Cristiane Maria de Souza, 21 anos, é uma jovem determinada, cheia de ideais e bem articulada com as palavras. Mas, para ela, a vontade de crescer profissionalmente tem esbarrado na falta de oportunidades. Assim como Cristiane, outros milhares de jovens curitibanos, com idade entre 18 e 24 anos, sonham em vencer na vida, mas, para isso, além do esforço próprio, esperam ajuda do poder público.
A carência de políticas públicas, que atendam essa faixa etária, vem sendo tema de debate entre os jovens de Curitiba que participam do Programa Nacional de Inclusão de Jovens (ProJovem). As discussões resultaram em um documento, que reúne 48 propostas nas áreas de trabalho, cidadania, saúde, prevenção e comunicação, cultura e lazer, voltadas e aprovadas pelos cerca de 450 jovens participantes do 1º Fórum do ProJovem, no último final de semana. A carta da juventude de Curitiba deverá ser entregue ao prefeito Beto Richa (PSDB) e ao presidente da Câmara Municipal, João Cláudio Derosso (PSDB), nas próximas semanas.
Cristiane, como uma das delegadas do Fórum e desempregada, defendeu a criação de uma agência específica para encaminhamento dos jovens ao primeiro emprego, pois sente na pele a dificuldade de garantir uma colocação. Os três meses de carteira assinada como auxiliar de escritório não dão muito peso ao seu currículo na hora de buscar uma vaga no mercado de trabalho. Mesmo tendo se qualificado em telemática, por meio do ProJovem, o tão sonhado emprego ainda lhe parece distante.
De acordo com a coordenadora do ProJovem, em Curitiba, Luciane Vanessa Fagundes, a parceria do município com o ''Sistema S'' (Sesc, Senai, Senac e outras entidades) para qualificação profissional e encaminhamento ao mercado de trabalho foi uma das propostas elencadas no documento elaborado pelos jovens.
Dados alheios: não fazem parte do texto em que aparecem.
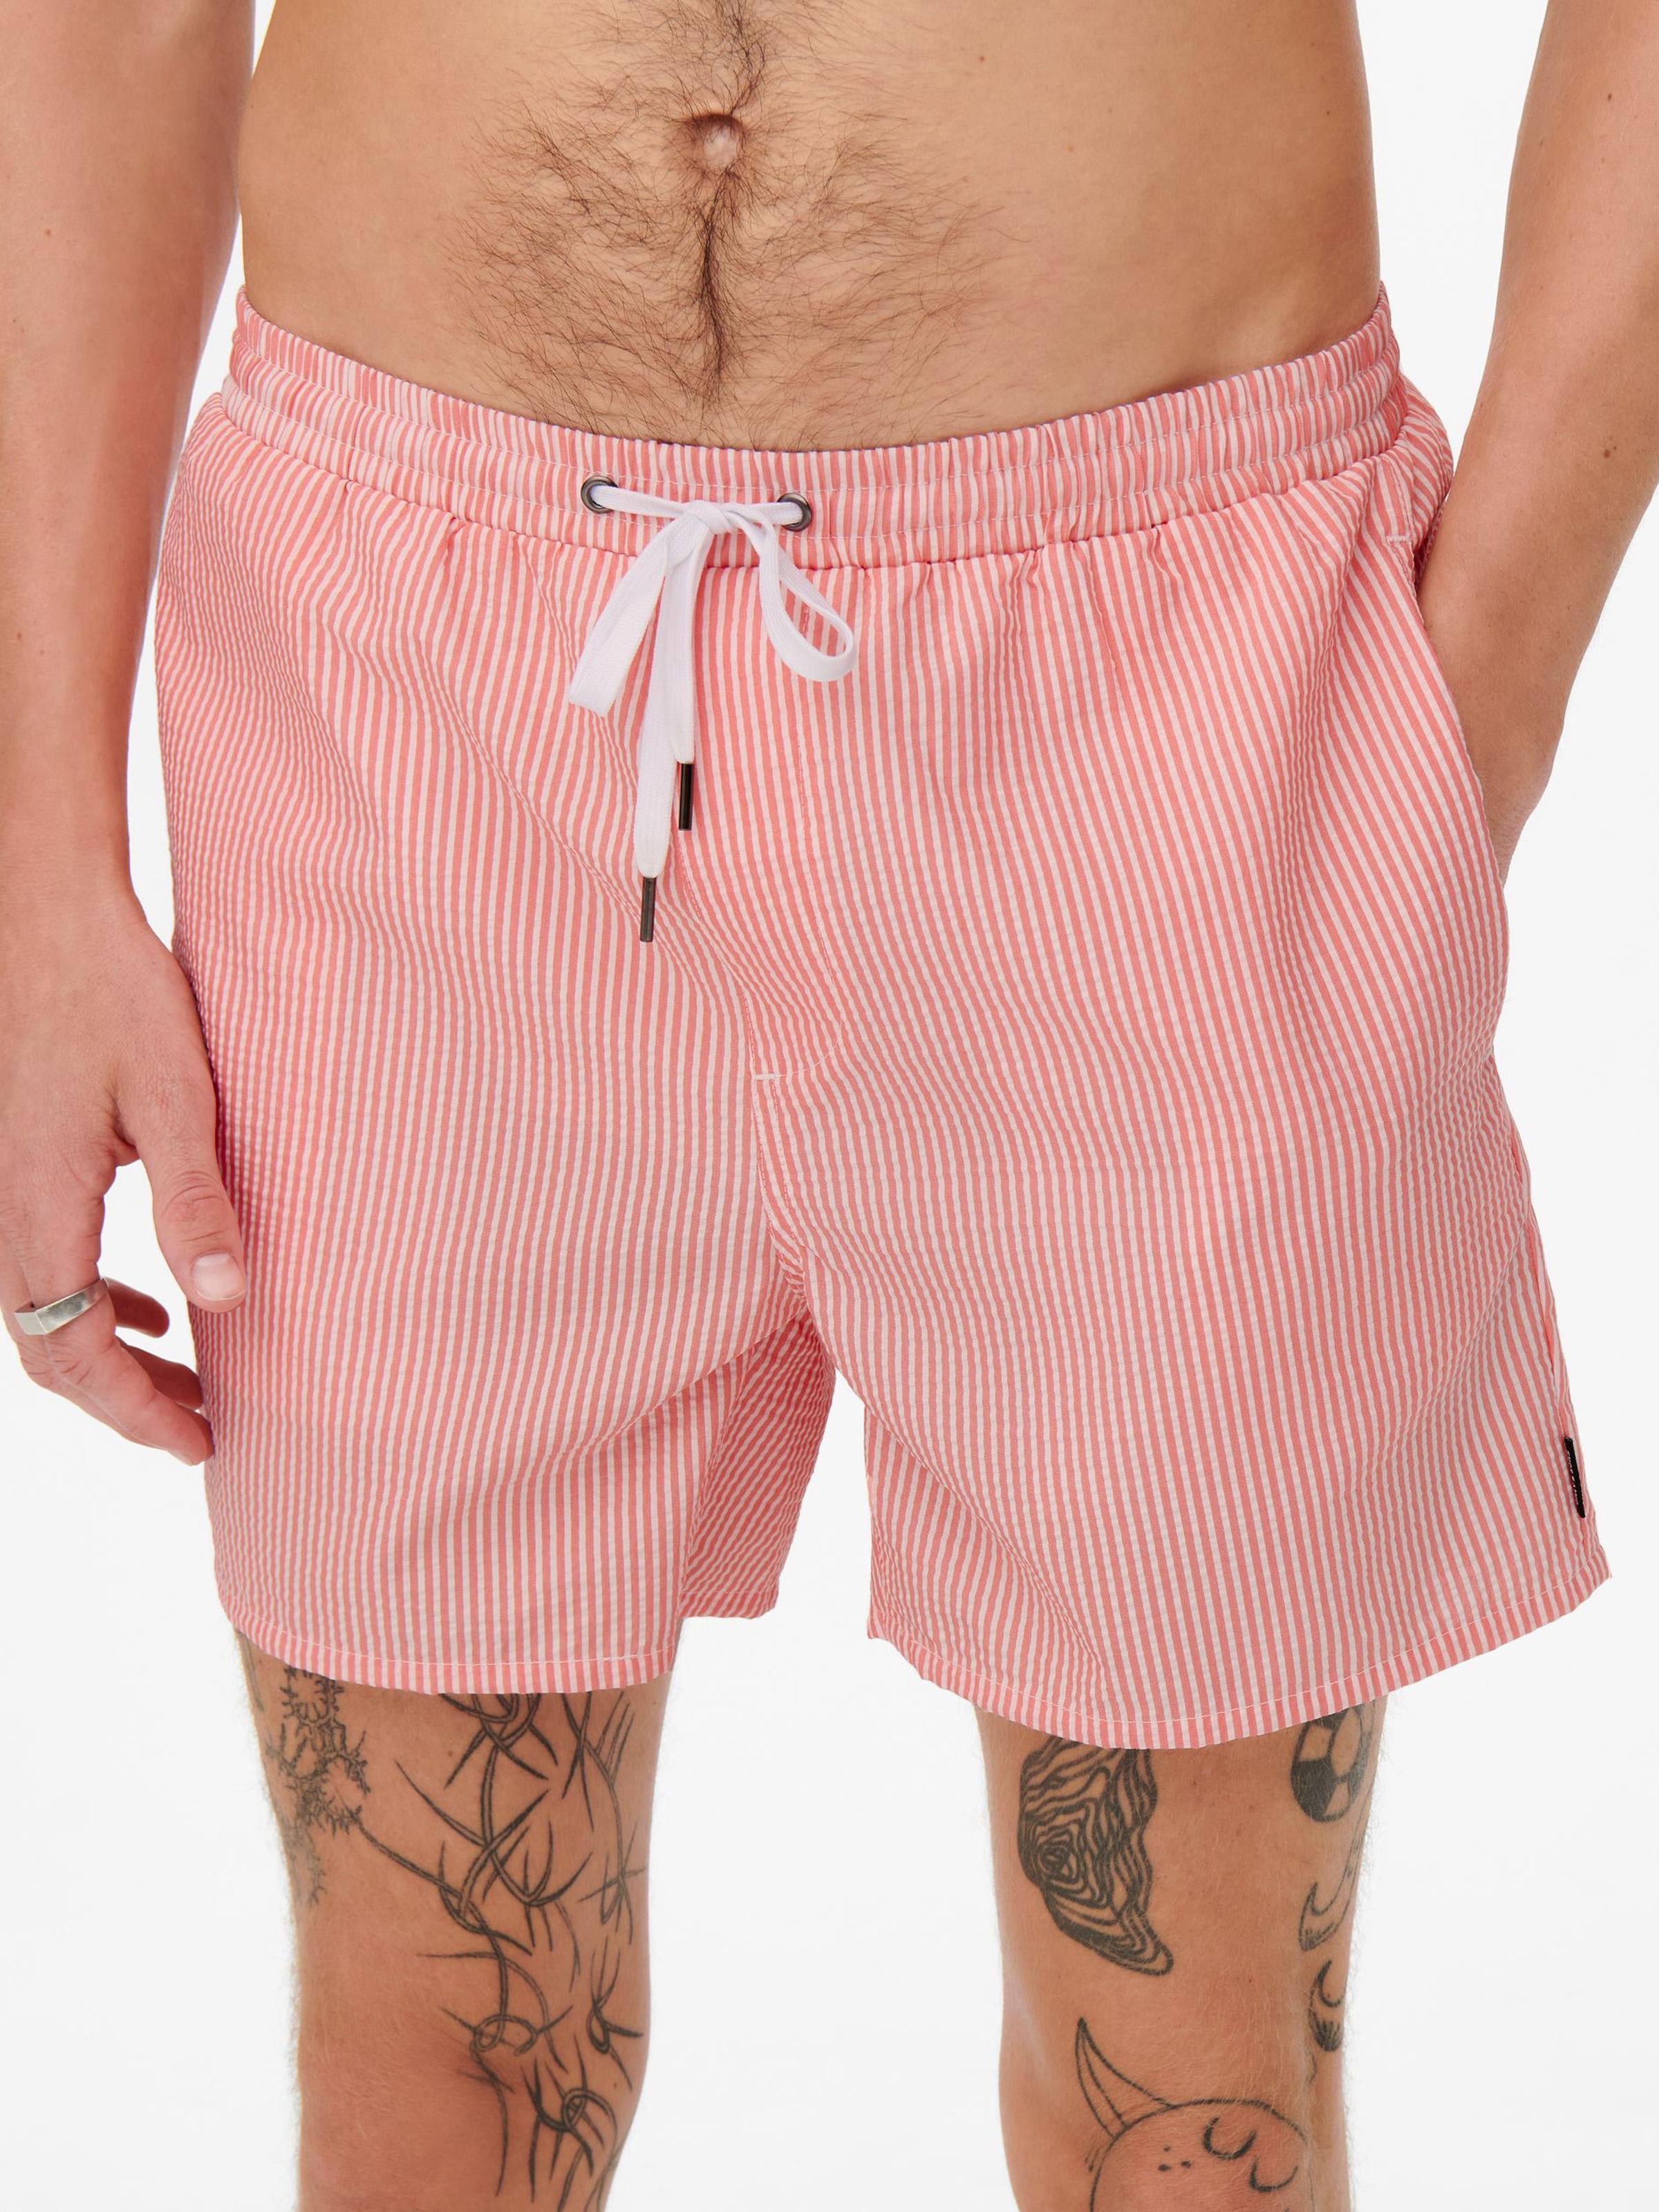 Männer Bademode Only & Sons Badeshorts 'Ted' in Altrosa, Weiß - GH30936

Eles sugeriram, também, a criação de um centro de excelência em esportes e de um centro de reabilitação para dependentes químicos e de apoio aos familiares.
Luciane destacou entre as propostas a criação da secretaria e conselho municipais da Juventude. ''Eles precisam de um espaço para serem ouvidos para que as políticas públicas sejam elaboradas por eles e para eles'', acrescentou.
José Rodrigo Alves, 25 anos, é um dos exemplos de que as oportunidades podem modificar a vida dos jovens. Ele conta que, antes de entrar no ProJovem, vivia pelas ruas, usava drogas e até chegou a ficar preso por um ano e três meses. Agora, longe das ruas e livre da dependência, tem planos de continuar estudando e conseguir uma colocação profissional.
O ProJovem é um programa do governo federal realizado em parceria com os municípios, e tem por objetivo aumentar o nível de escolaridade e a inserção de jovens no mercado de trabalho. Em Curitiba, a Prefeitura, por meio da Secretaria Municipal de Educação, é responsável pela programação escolar e o Instituto Brasileiro da Qualidade e Produtividade (IBQP) pelos cursos de qualificação profissional e monitoramento das atividades de responsabilidade social.
O programa atende jovens de 18 a 24 anos, e além do avanço escolar e a qualificação profissional, fornece auxílio-financeiro de R$ 100,00 por mês aos alunos. Mais informações sobre os critérios do programa podem ser obtidas no site www.projovem.gov.br.